In a molecule inculding two atoms, potential energy axisymmetric about z' axis(the line connecting the two atoms). So, the angular momentum along z axis is quantized. That is to say $m_z$ is good quantum number. Let's consider $\pi$ orbit made up of two $p_z$. The orbital angular momentum along z axis(the symmetry axis of $p_z$) of an electron in $p_z$ is 0. So considering orbital angular momentum along z' axis of this electron, the electron is in $\frac 1 {\sqrt 2}(|+>-|->)$. So the orbital angular momentum along z' axis is either 1 or -1. So the orbital angular momentum along z' axis of a $\pi$ electron is either 1 or -1.

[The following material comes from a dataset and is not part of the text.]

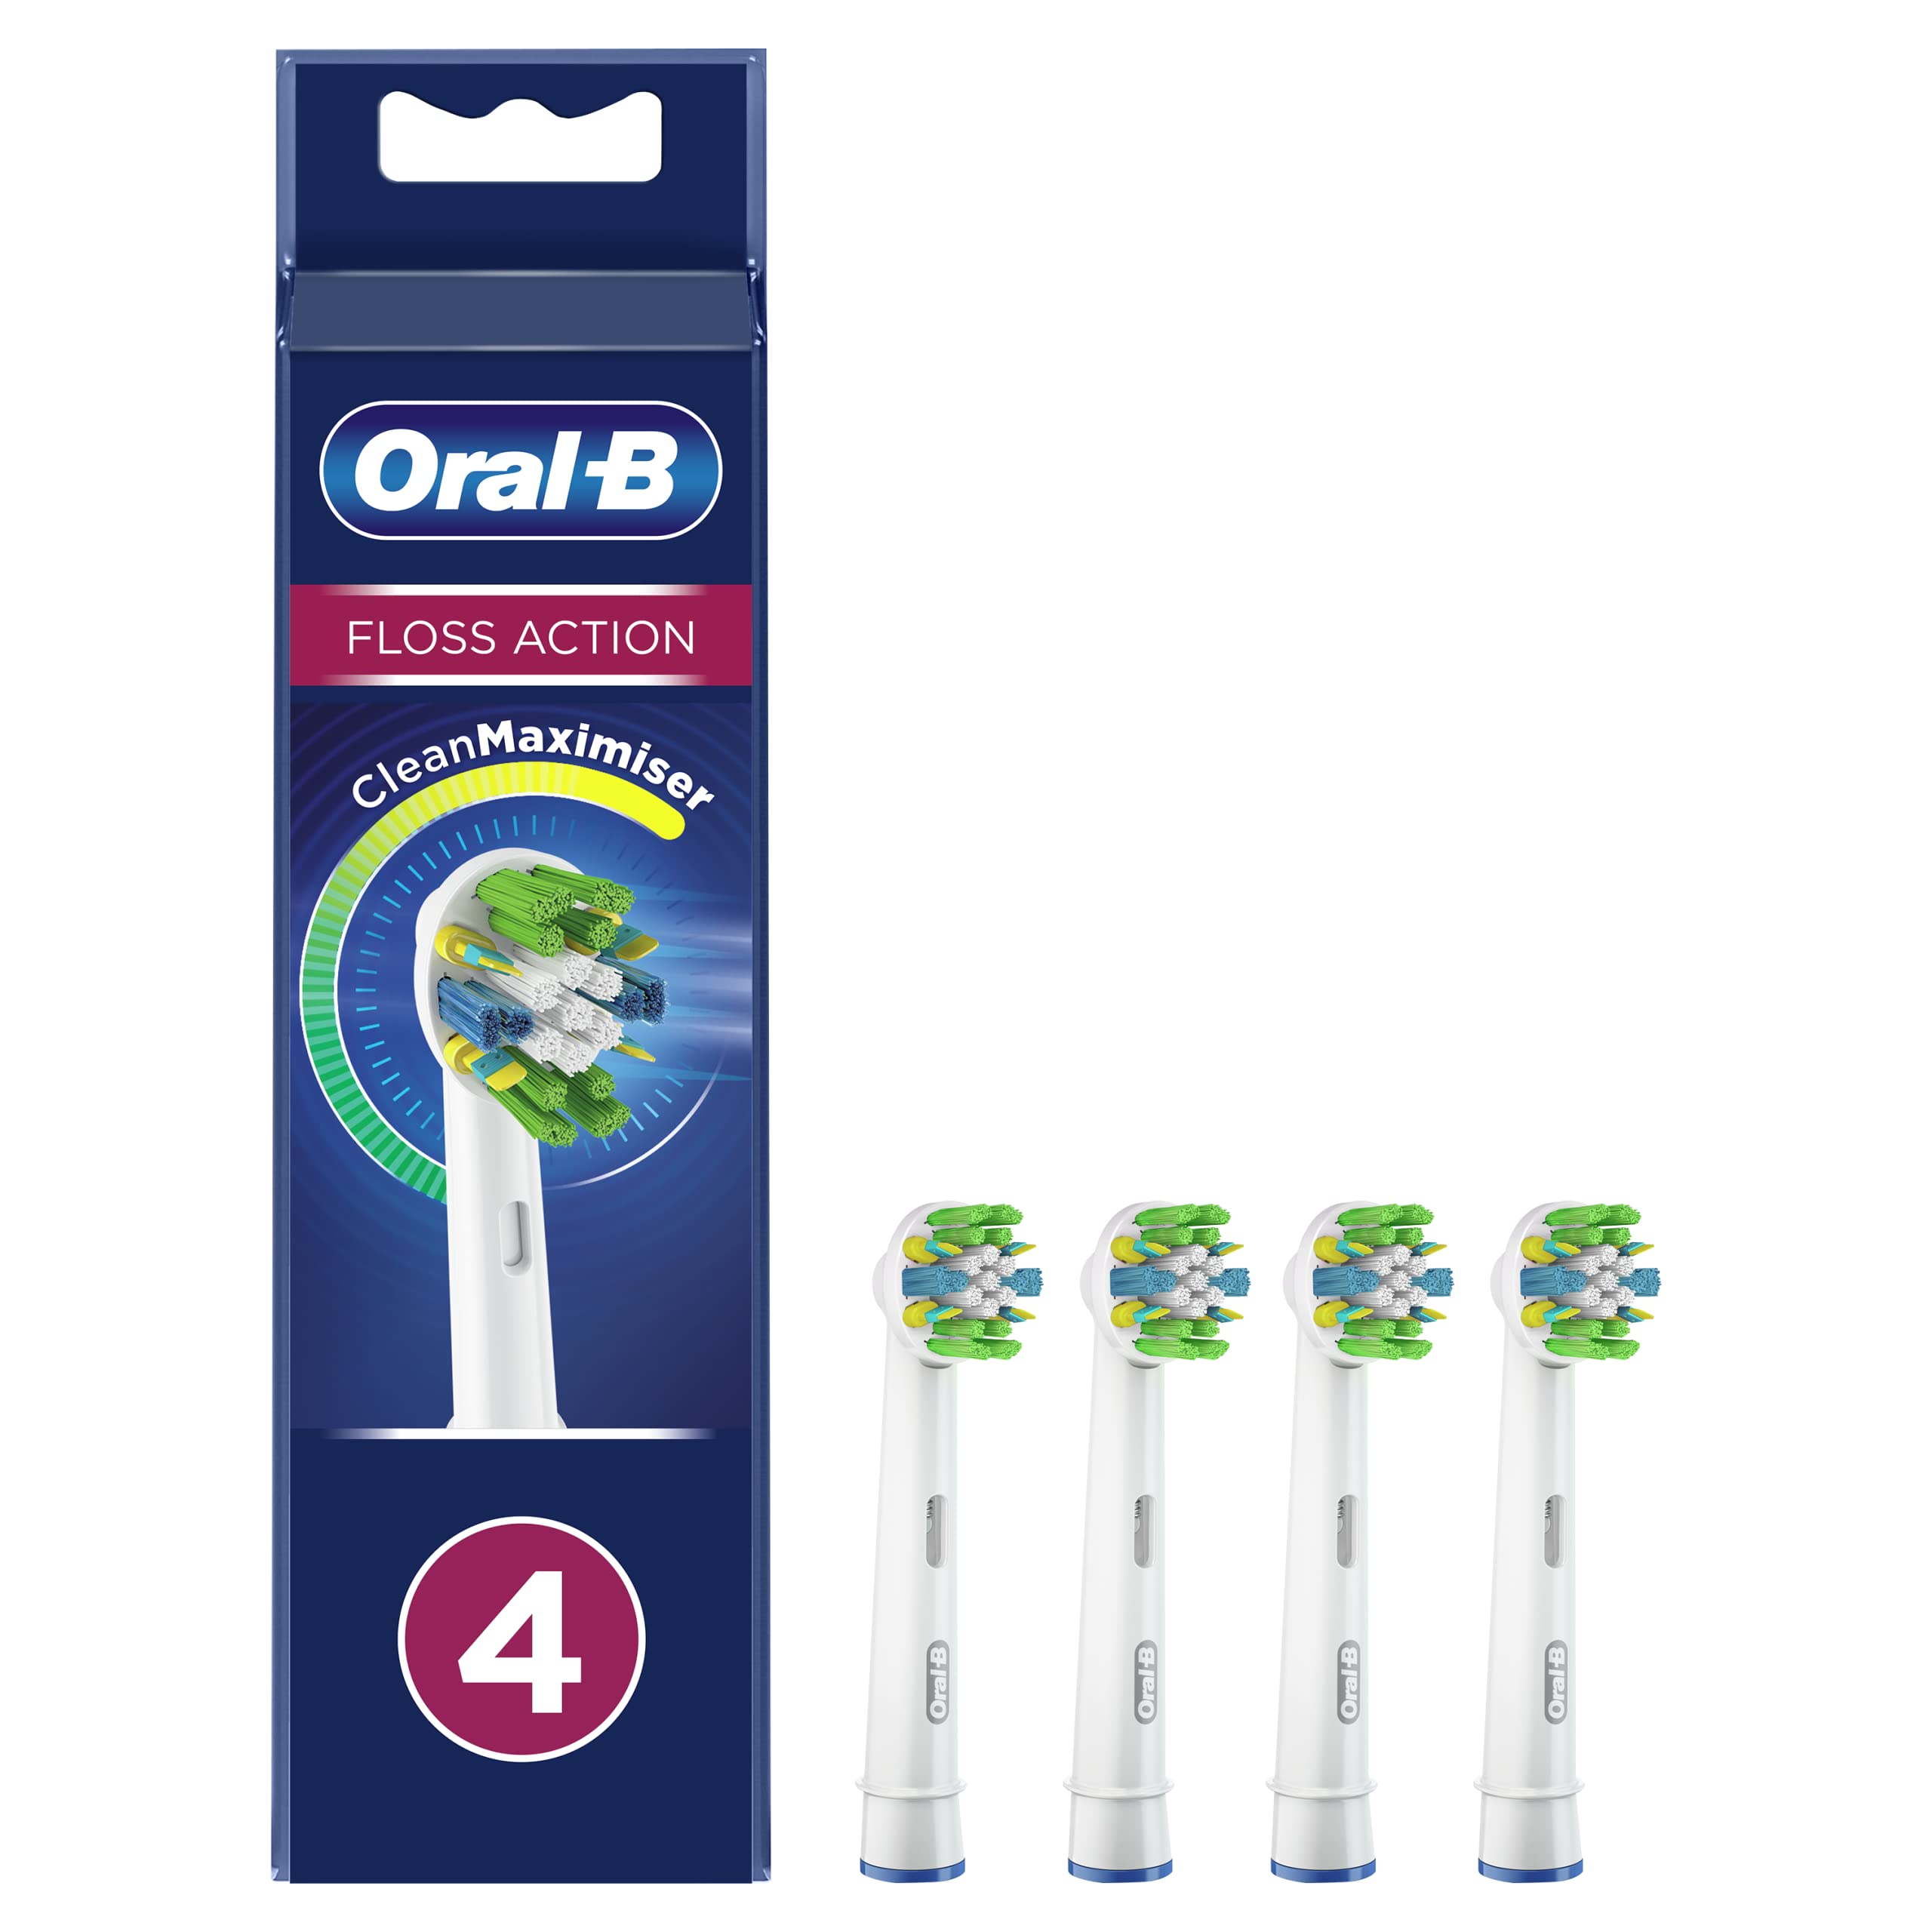 Oral-B Floss Action Electric Toothbrush Head with CleanMaximiser Technology, Angled Bristles for Deeper Plaque Removal, Pack of 4, White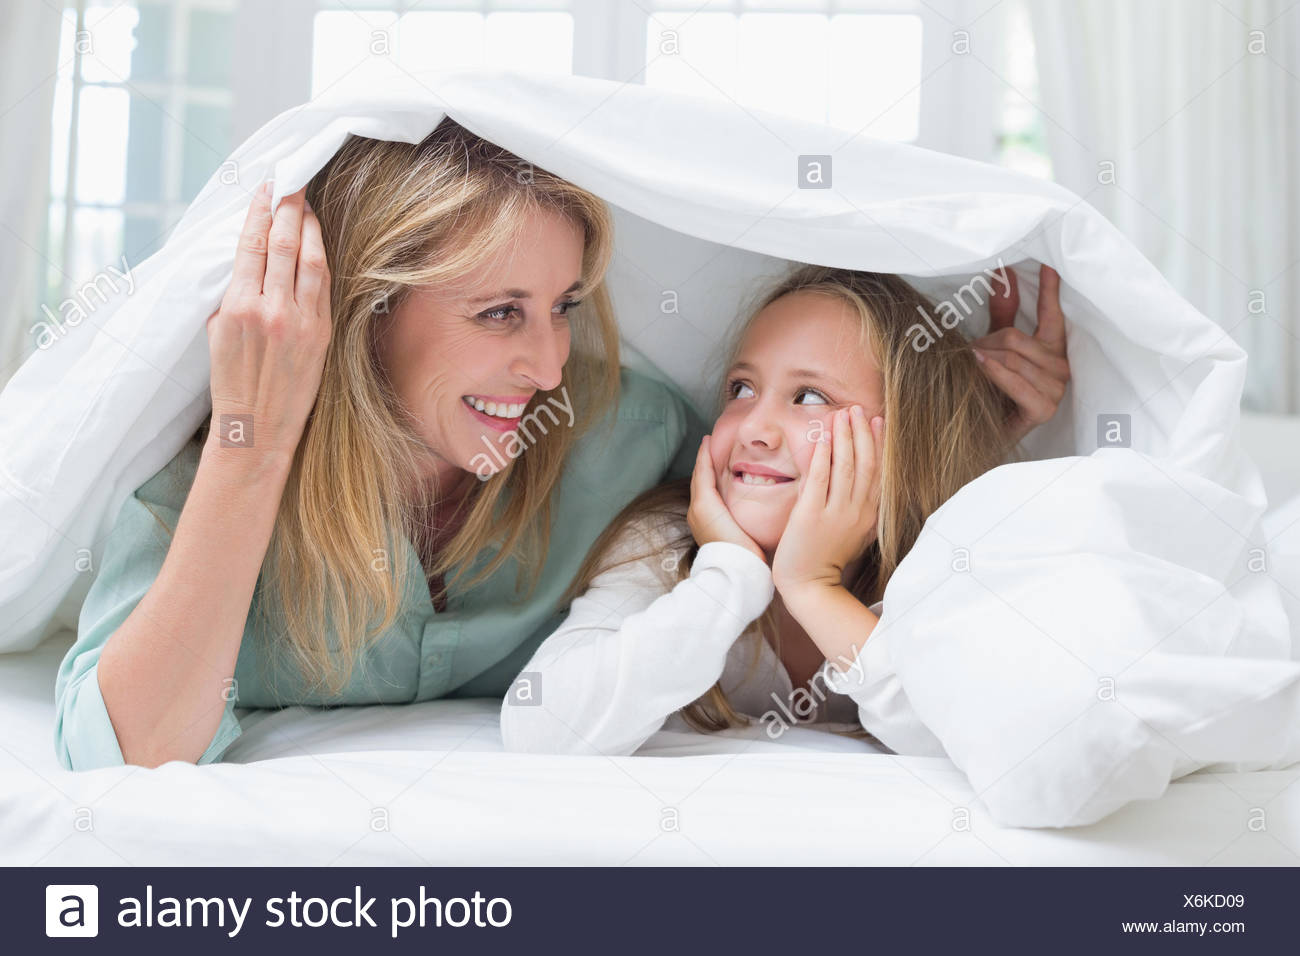 mother and daughter dating each other

Is my understanding correct?

Answer 1

Let the molecular axis be the $z$ axis, A and B the two atoms forming the bond. The $2p_z$ AO has atomic quantum number $m_l = 0$ and so has $L_z =0$. The MOs formed from 2pz AOs are therefore $\sigma$ MOs, bonding and antibonding. The $p_x$ AO is a linear combination of $m =+ 1$ and $m = -1$ AOs and has $|m| =1$.

$2p_x \equiv \frac{(2p_1 + 2p_{-1}) } {\sqrt 2}$

$2p_y \equiv \frac{(2p_1 - 2p_{-1}) } {i\sqrt 2}$

Therefore the MOs made from the $2p_x$ and $2p_y$ AOs have $|m| = 1$ and are $\pi$ MOs.